Bundesgericht
Tribunal fédéral
Tribunale federale
Tribunal federal
4A_193/2024
Arrêt du 12 avril 2024
Ire Cour de droit civil
Composition
Mmes les Juges fédérales
Jametti, Présidente, Hohl et Kiss.
Greffier: M. O. Carruzzo.
Participants à la procédure
A.________,
représentée par Mes Nicolas Rouiller et Alban Matthey, avocats,
recourante,
contre
Fondation B.________,
représentée par Me Vadim Harych, avocat,
intimée.
Objet
exécution anticipée d'un jugement d'évacuation de la locataire,
recours en matière civile contre l'arrêt rendu le 5 mars 2024 par la Présidente de la Chambre des baux et loyers de la Cour de justice du canton de Genève (C/22854/2023 ACJC/298/2024).
Considérant en fait et en droit :
1.
1.1. Par jugement du 3 juin 2022, le Tribunal des baux et loyers genevois a constaté la validité des résiliations des quatre baux portant sur une surface commerciale ainsi que trois places de stationnement que la bailleresse Fondation B.________ avait notifiées le 23 mars 2021 à la locataire A.________, et a accordé à cette dernière une unique prolongation de bail d'un an et trois mois, échéant le 31 décembre 2022.
Saisie d'un appel de la locataire, la Chambre des baux et loyers de la Cour de justice du canton de Genève l'a rejeté par arrêt du 28 août 2023.
La locataire a interjeté un recours au Tribunal fédéral à l'encontre de cette décision (cause 4A_485/2023).

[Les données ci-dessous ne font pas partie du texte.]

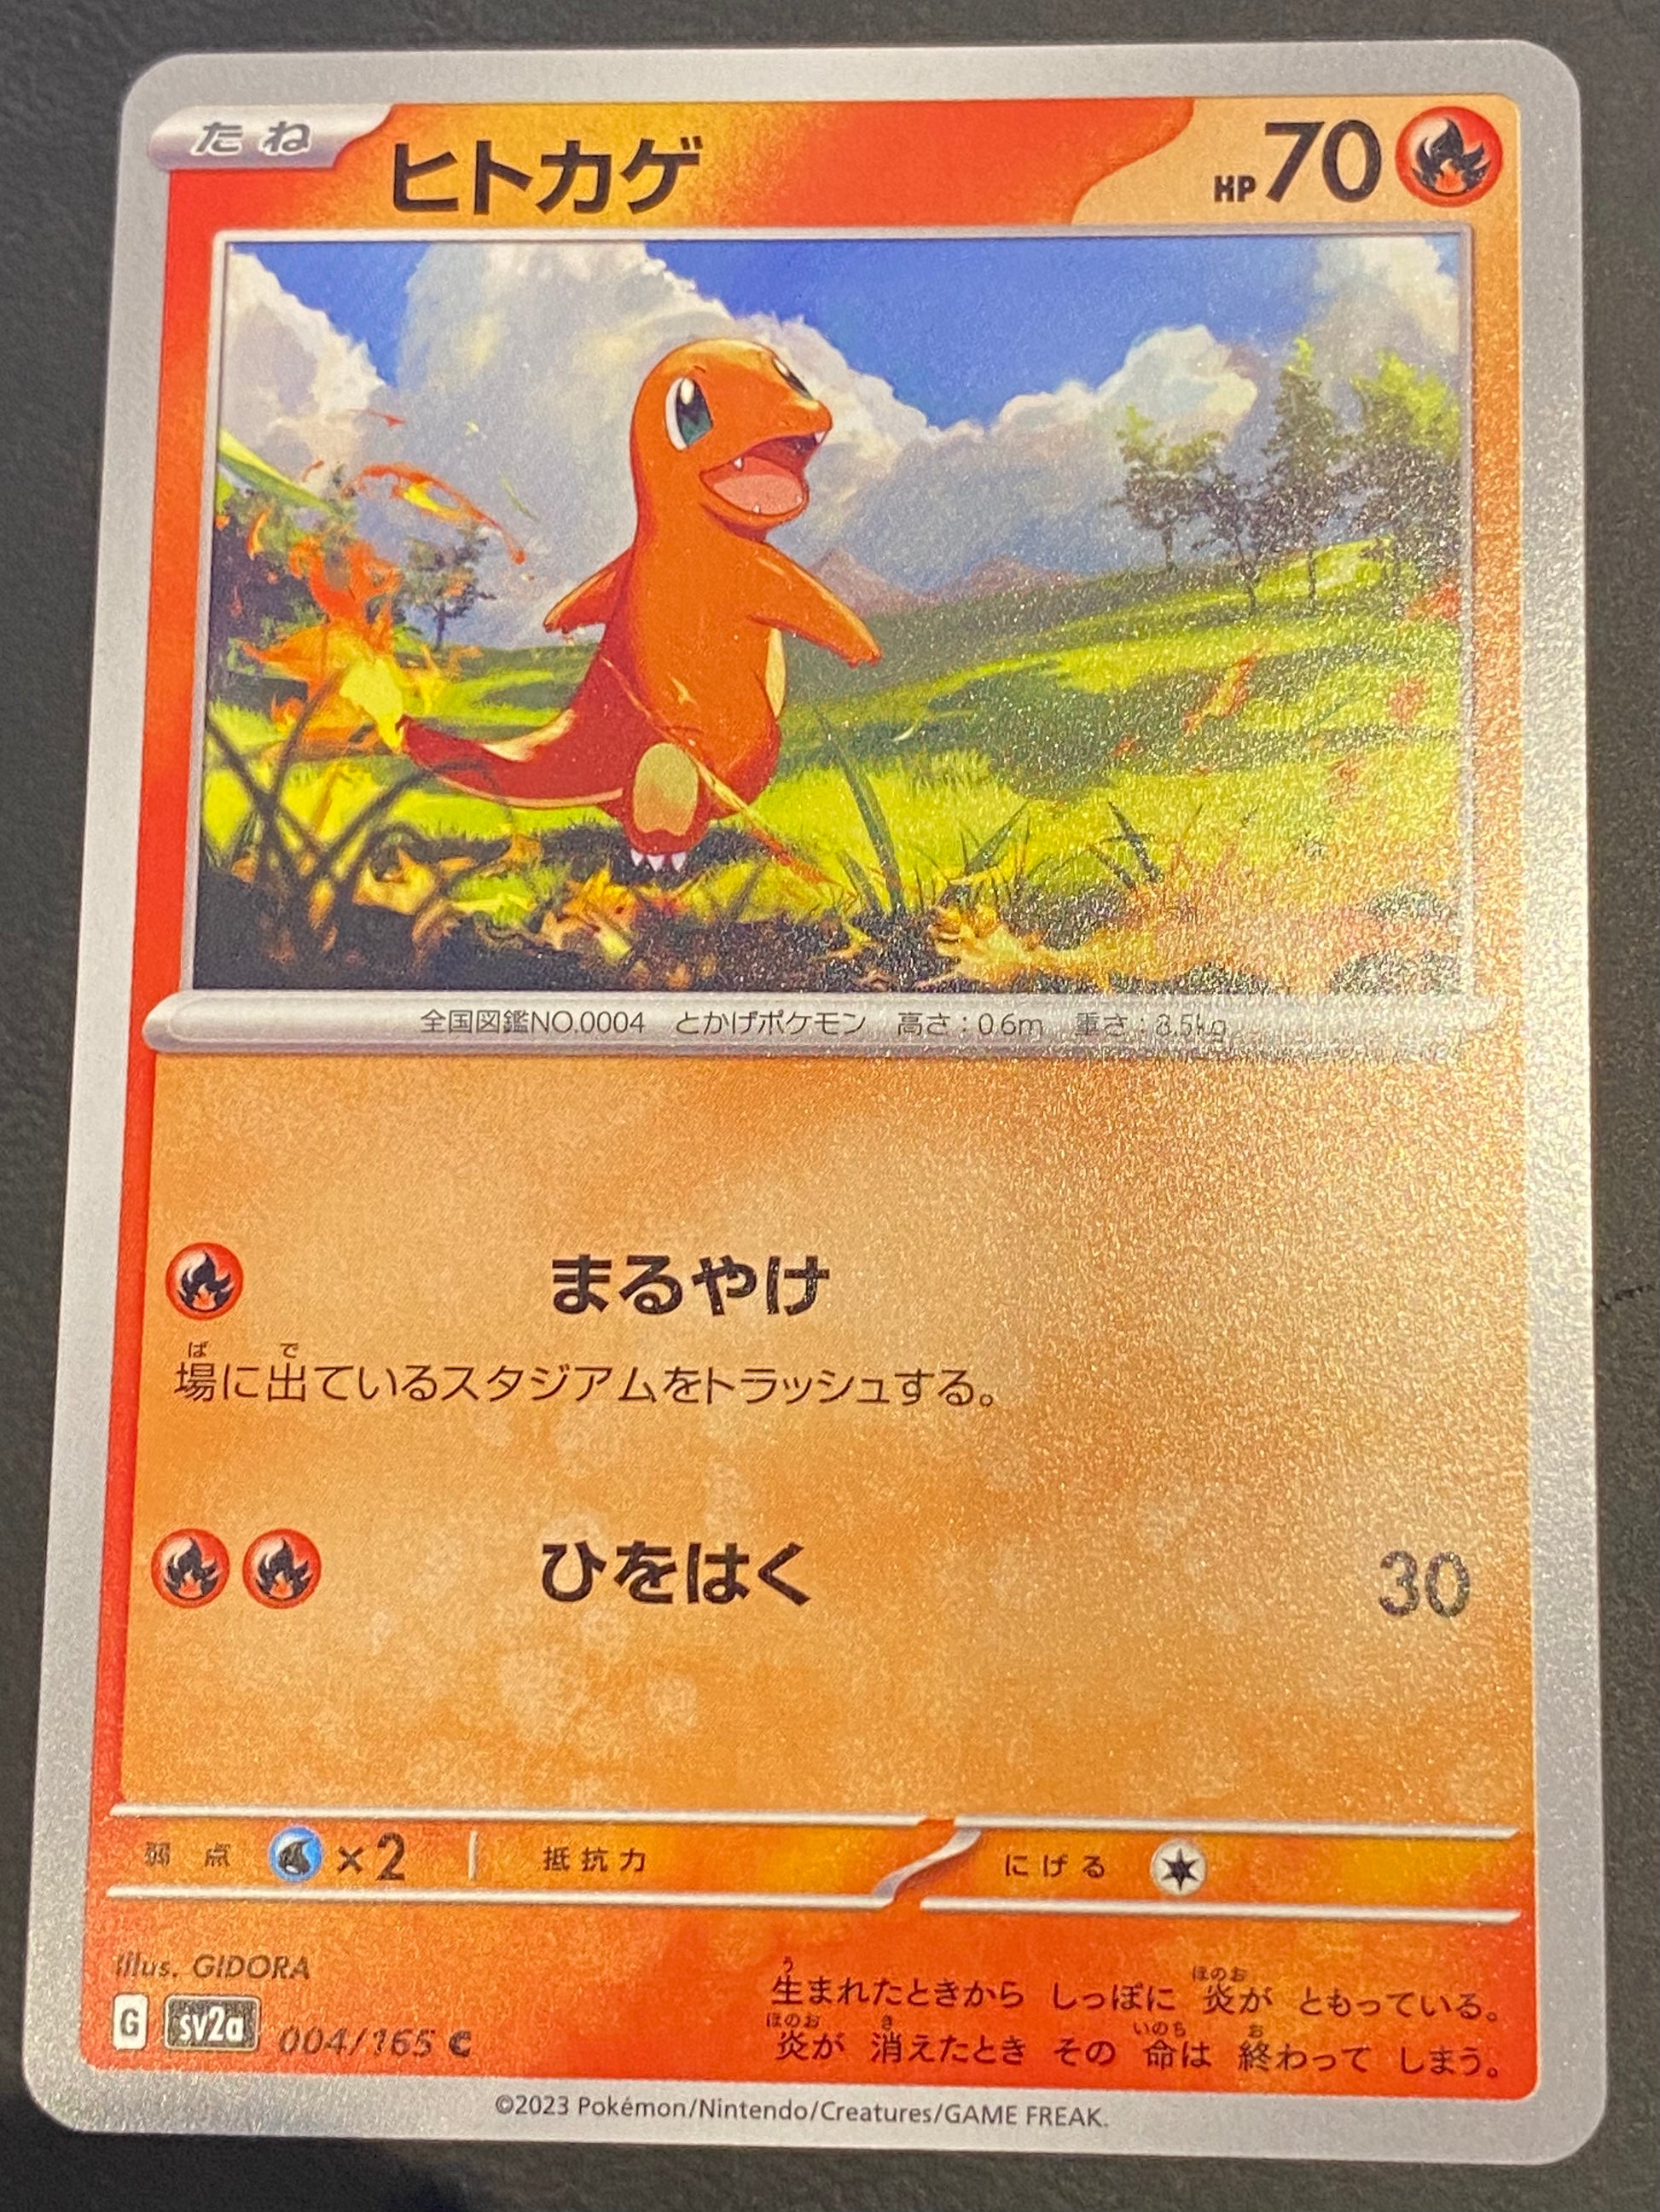 Display Pokemon 151 [SV2A] - Japan Collector
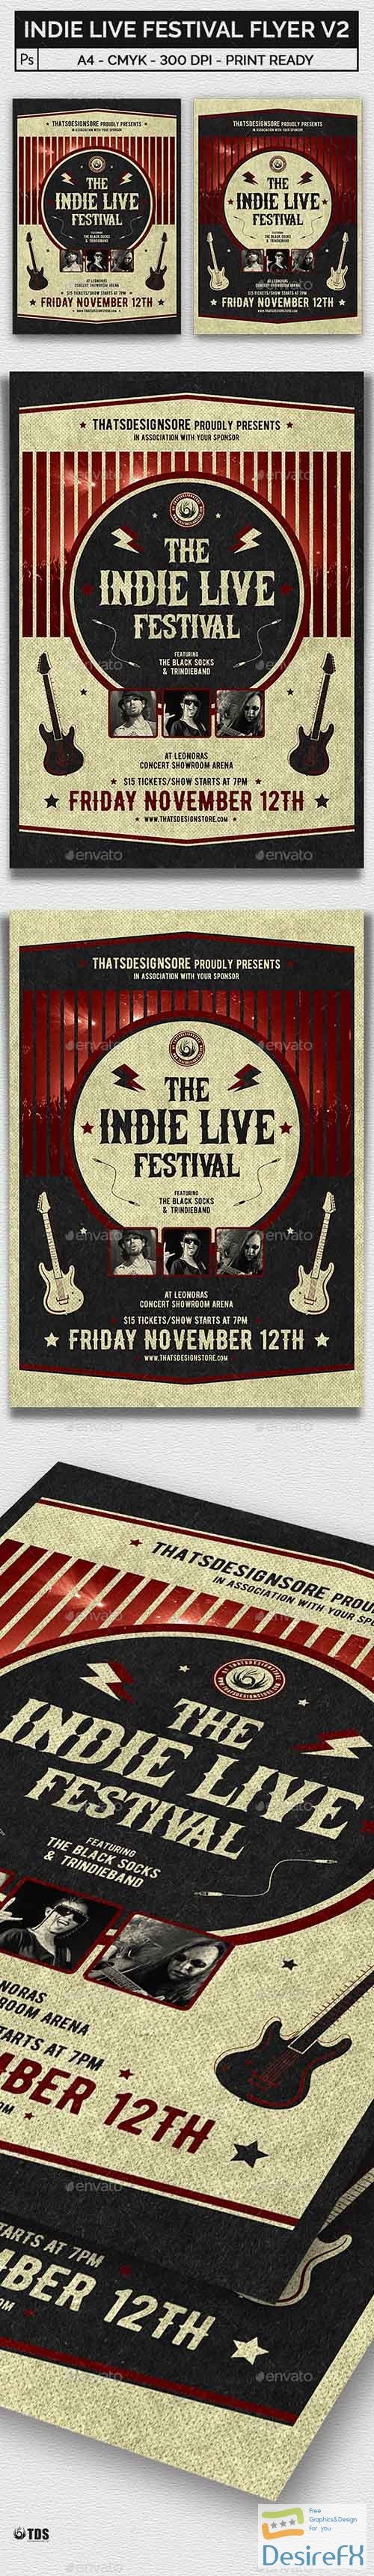 Indie Live Festival Flyer Template V2 21450189

Par ordonnance du 26 janvier 2024, la Présidente de la Ire Cour de droit civil a pris acte du retrait du recours intervenu le 24 janvier 2024.
1.2. Par jugement du 25 janvier 2024, rendu selon la procédure applicable aux cas clairs, le Tribunal des baux et loyers genevois a condamné A.________ à évacuer immédiatement de sa personne et de ses biens les locaux qui lui avaient été remis à bail, et a autorisé la bailleresse à requérir l'intervention de la force publique pour obtenir la libération des locaux commerciaux et des places de stationnement dès l'entrée en force dudit jugement.
A.________ a appelé de cette décision auprès de la Cour de justice du canton de Genève.
Dans sa réponse du 26 février 2024, la bailleresse a notamment conclu au retrait de l'effet suspensif.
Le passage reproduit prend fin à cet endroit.